Out of these five, three methods OUV, over/under current and OUF are based on the magnitude comparison of voltage, current and frequency. It is observed that the fast detection is done by OUV and followed by over/under current but problem with these are having large false detection. So, further methods modified ROCOF and voltage vector shift are observed and found that, it eliminate the false detection condition to somehow. Hence, accuracy is improved in both methods as two passive parameters are checked there and hence detection time increased. Detection time and non-islanding conditions are discussed in Table 4.

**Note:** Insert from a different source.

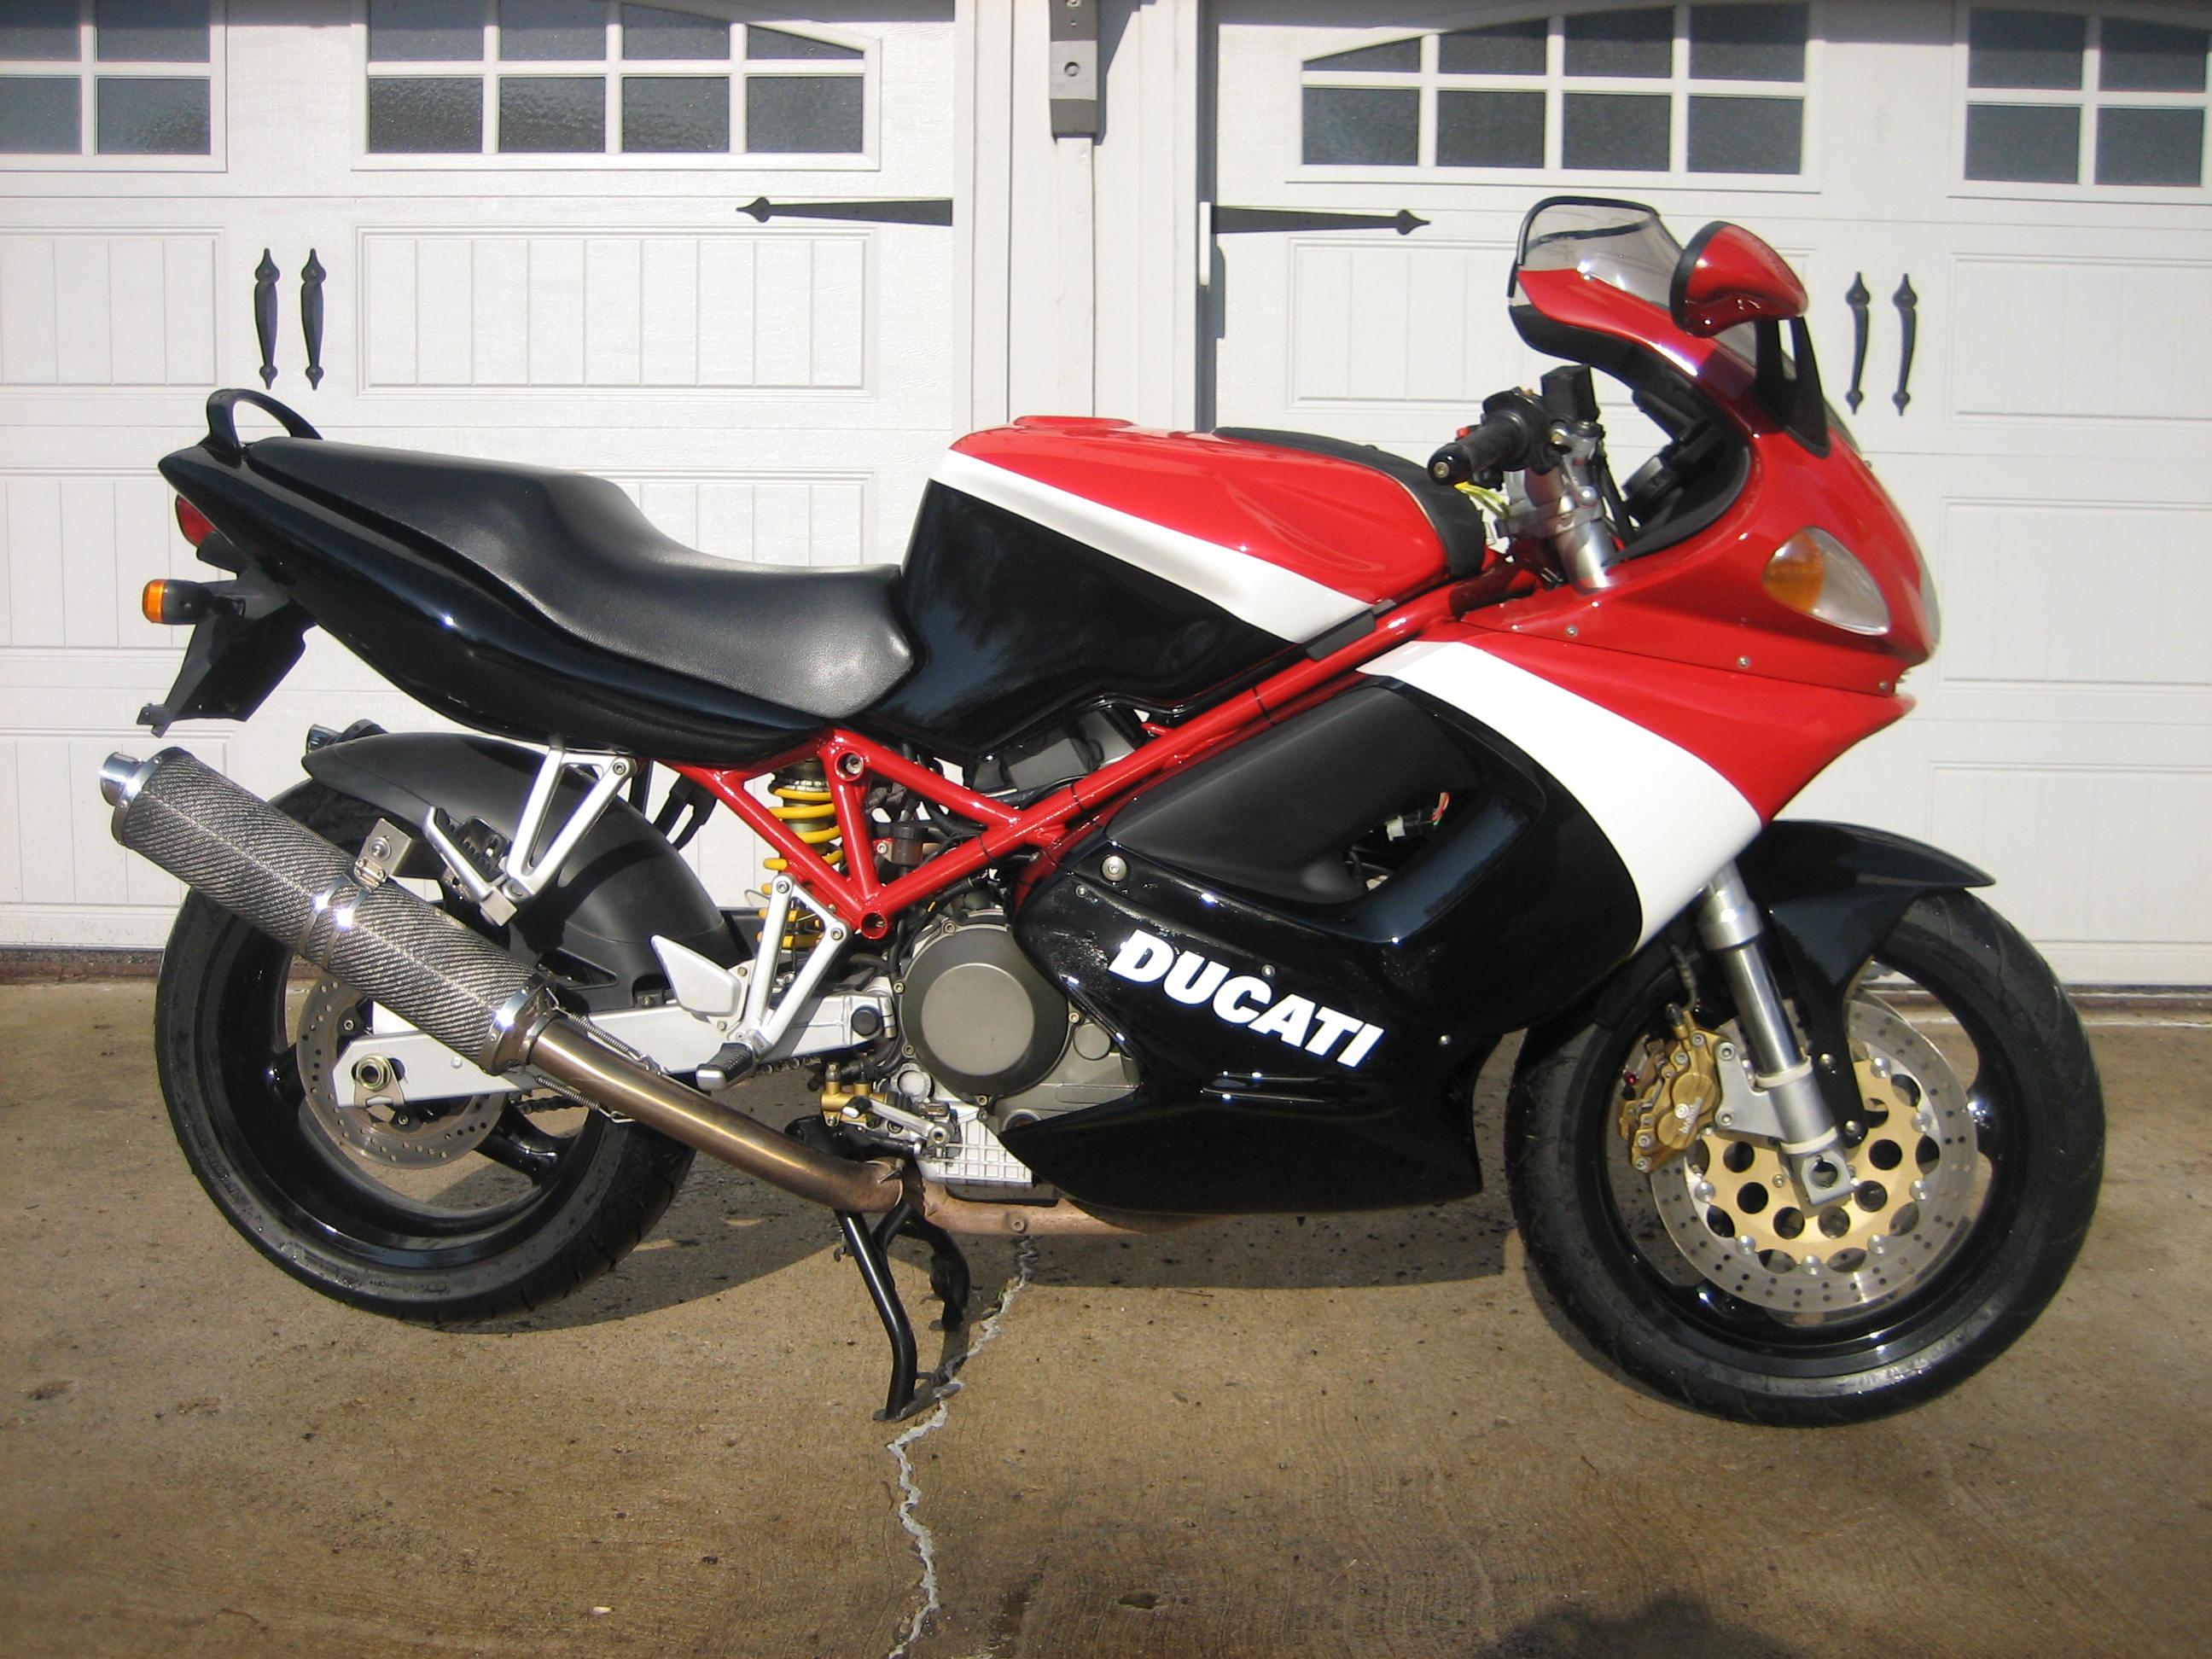 Custom paint for ST3? - Ducati ms - The Ultimate Ducati Forum

Table 4  Islanding detection time for each IDM

8 Conclusion

In this paper, active islanding detection techniques have been described for the utility connected micro grid system. The IDMs comparison is based on standards listed in Table 1, mainly IEEE 1547. Remote methods requires noise free, efficient and faster communication infrastructure, and hence the cost is high but is most reliable, as NDZs are minimized and prevents degradation of power quality. An active method has very small NDZ but degrade the power quality and that is why hybrid methods come into the picture to eradicate the high NDZ of passive and power quality issue of active, by combining the both methods (passive and active), detection time became prolonged. Generally passive detection time is low compared to both active (for seeing the response after perturbation, needed somehow more time) and hybrid. After being easy installation and lesser cost of PID methods, still it is not chosen because of their limitation with multi inverter systems and NDZ during balance islanding. In most of the cases AID are being used, but future trend will be hybrid and RID as both giving the good result over islanding and non-islanding, and capable of use of multi inverter systems with good reliability. Hence, this literature is providing a good concept over islanding detection, and it will be helpful for the future research. A grid connected architecture of a Solar based Distributed generation system is examined under islanding events using five IDMs. Modified ROCOF and voltage vector shift are observed to be more effective than conventional under/over voltage, current and frequency detections as they eliminates false detection conditions.